Sophomores at Southington High School who've been friends their whole lives, Thomas had it on good knowledge that Gorham could be moderate in his culinary habits. 

“As far as I’m aware, he makes an entire box of mac and cheese for a snack and he usually doesn't finish it,” Thomas said. 

He’d clearly forgotten Gorham's past victories at the apple pie eating competition, held every year at the Southington Apple Harvest Festival. “I eat when I’m hungry, but when I get a challenge like this, I eat,” Gorham said. 

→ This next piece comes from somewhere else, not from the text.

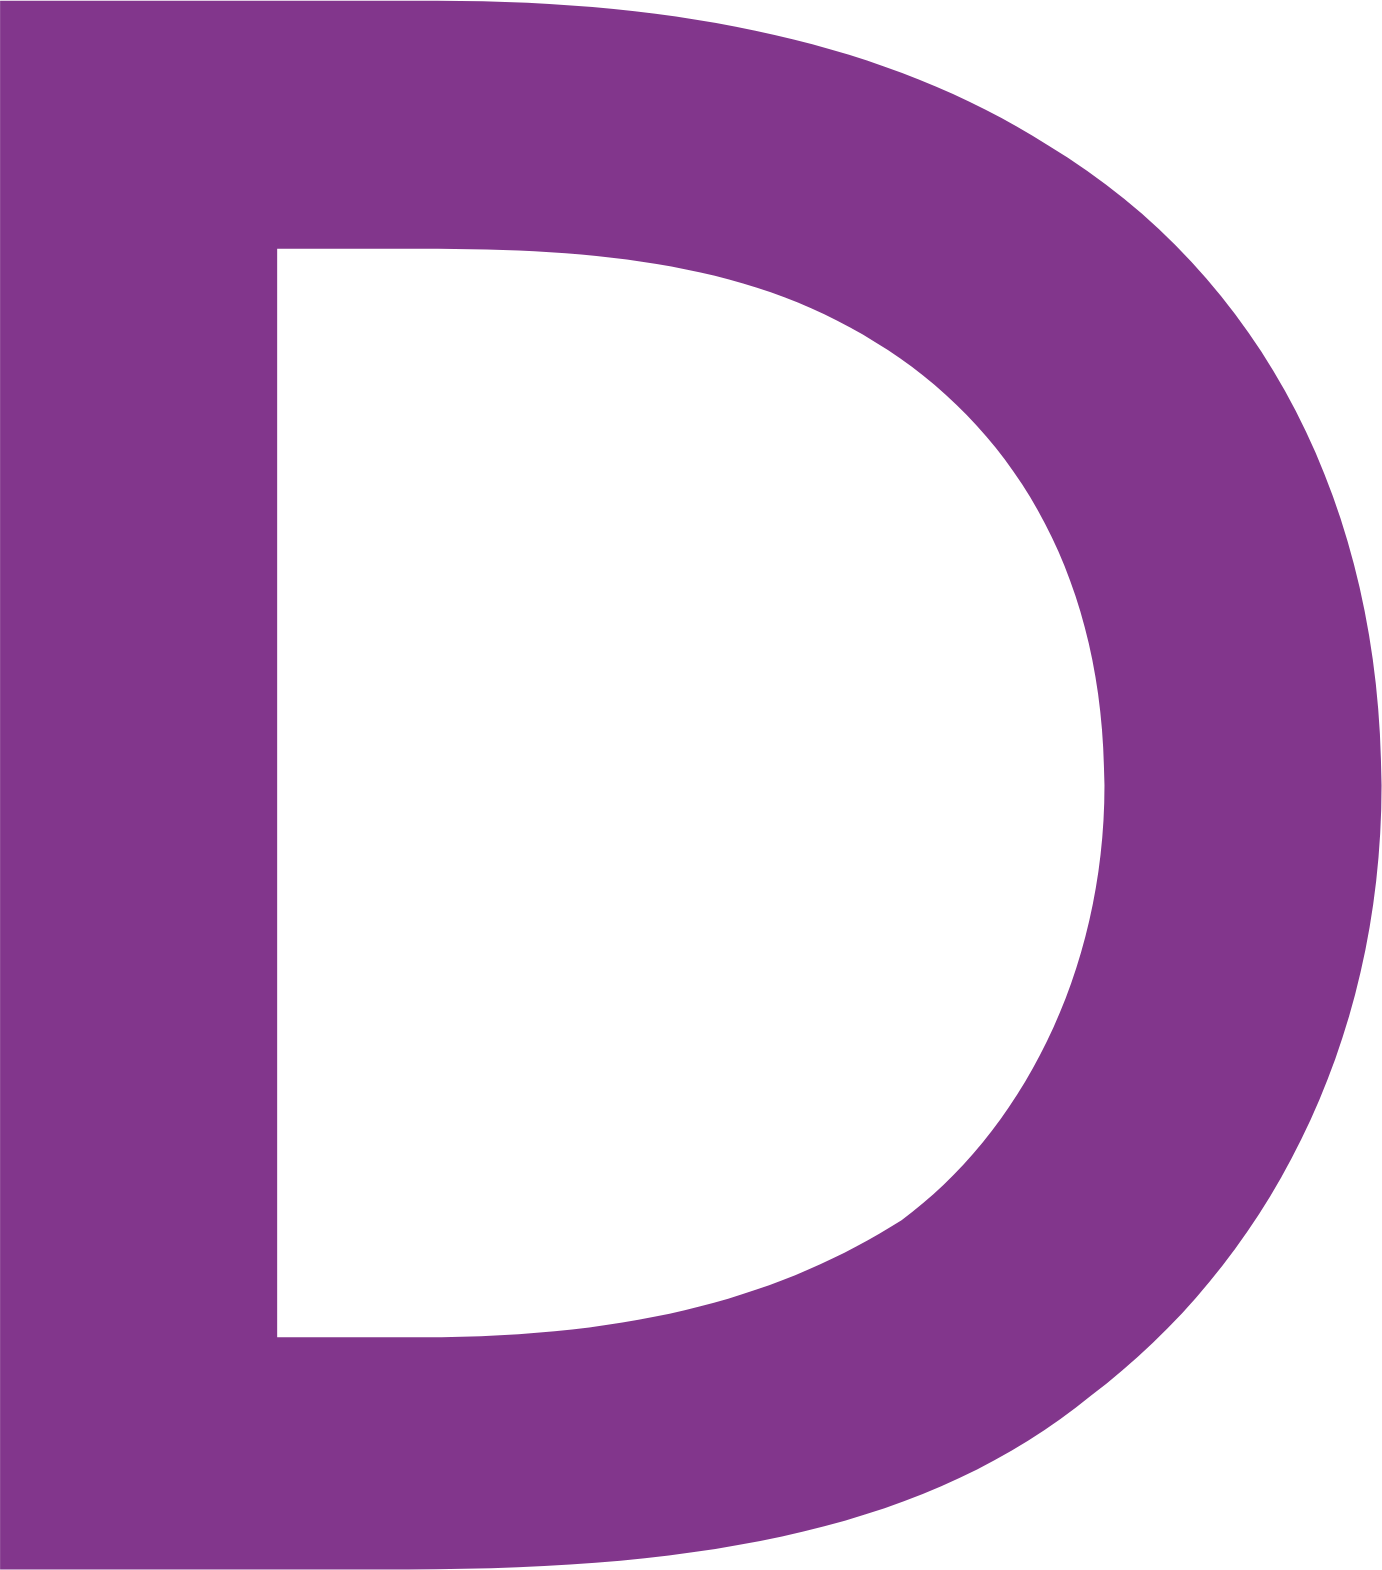 Diploma plc logo in transparent PNG and vectorized SVG formats

There were two heats in this year’s pie eating contest, held Saturday, one for ages 11 through 17, and the other for 18 and up. The rules are simple. One pie is placed on the table per person and the first person who finishes wins. One catch. “No hands. All face. It’s a mess,” said Julie Berardinelli, assistant festival coordinator. 

Berardinelli said the pie eating contest continues to be a highlight among the crafts, food, and carnival rides. Perhaps a little bit of nostalgia has something to do with it, she said. 

“Makes my stomach hurt just to think about eating an entire pie in that amount of time,” said Maddie Derynioski, a Southington High School senior and one of the festival hostesses. 

A little before 12:30, the nine competitors took their places in front of the main stage near the Town Green. The crowd began to gather and by the time faces were plunged into pies, there were almost 100 people watching with a mix of incredulity and admiration. They might not want to do it themselves, but viewing other people do it is an entirely different matter. 

“I’d rather bob for apples,” said Fran DeSimone, a Washington Depot resident who heard about the festival on television news and decided to check it out. 

There was a brief pause while proper pie eating music was procured. Seventies- game show sounding music chimed in the air as the kids settled around the red-sheeted folding table.

Rosemary Paul, DeSimone’s friend from Roxbury, was asked if she would ever enter a competitive eating contest. 

“Oh no. No,” Paul said.

“We are not good sports,” said DeSimone.

“Even when we were younger, I wouldn’t have done it,” Paul said. 

For his part, Gorham had a clear technique. He attacked the pie, standing up and leaning forward, hands clasped behind him, chomping for all he was worth. The others were a little more tentative, perhaps daunted by the enormity of what they had agreed to do. 

“He has to eat the crust and all?” DeSimone said. 

“He’s a pro, that one. Now he’s eating off the table. Look at him,” Paul said. “He’s almost done.” 

‘In it to win it’

But steadily, without the histrionics, another competitor was coming into play. Alexandra Carabetta, a junior at Southington High, was making good progress. As Gorham hoovered up the crust, Carabetta looked up, a little under duress. 

With a glazed look in her eye, she turned away from the table and barfed behind her chair. She took a moment, caught her breath, and dove back in. Victory beckoned. 

“Normally I like to savor my food, but at that moment I was in it to win it,” said Carabetta after the contest. 

At this point, the theme from the old film “Chariots of Fire” was playing over the loudspeakers. With a steady burst, Carabetta finished her pie in about six minutes or so, but no one was keeping count. To the untrained observer, Gorham’s pie aggression spread the filling on the table, ultimately slowing him down. Despite her unfortunate projection, Carabetta ate a more controlled pie. 

Carabetta won. Gorham ended up finishing third. 

Gorham took a deep breath. Carabetta wiped her face and had a laugh. “I thought I was going to finish last,” she said later. As of last night, no one had signed up. “I saw it in the info tent and I said, you know what? Who cares? I’m doing it,” she said. 

The crowd disbanded after the kids’ contest. The adults were up next, but not as many people were interested. 

“After all this, would you eat another apple pie?” DeSimone said. 

Not for a while, an observer responded.

“Maybe for a year,” she said. 

After prizes were given and photos taken, Berardinelli cleaned up the pie tins and checked her list for the upcoming 18 and over competition. “That was the grossest part of my job,” she said. 

Saturday’s schedule also featured a performance by the Spin Doctors on the festival’s main stage.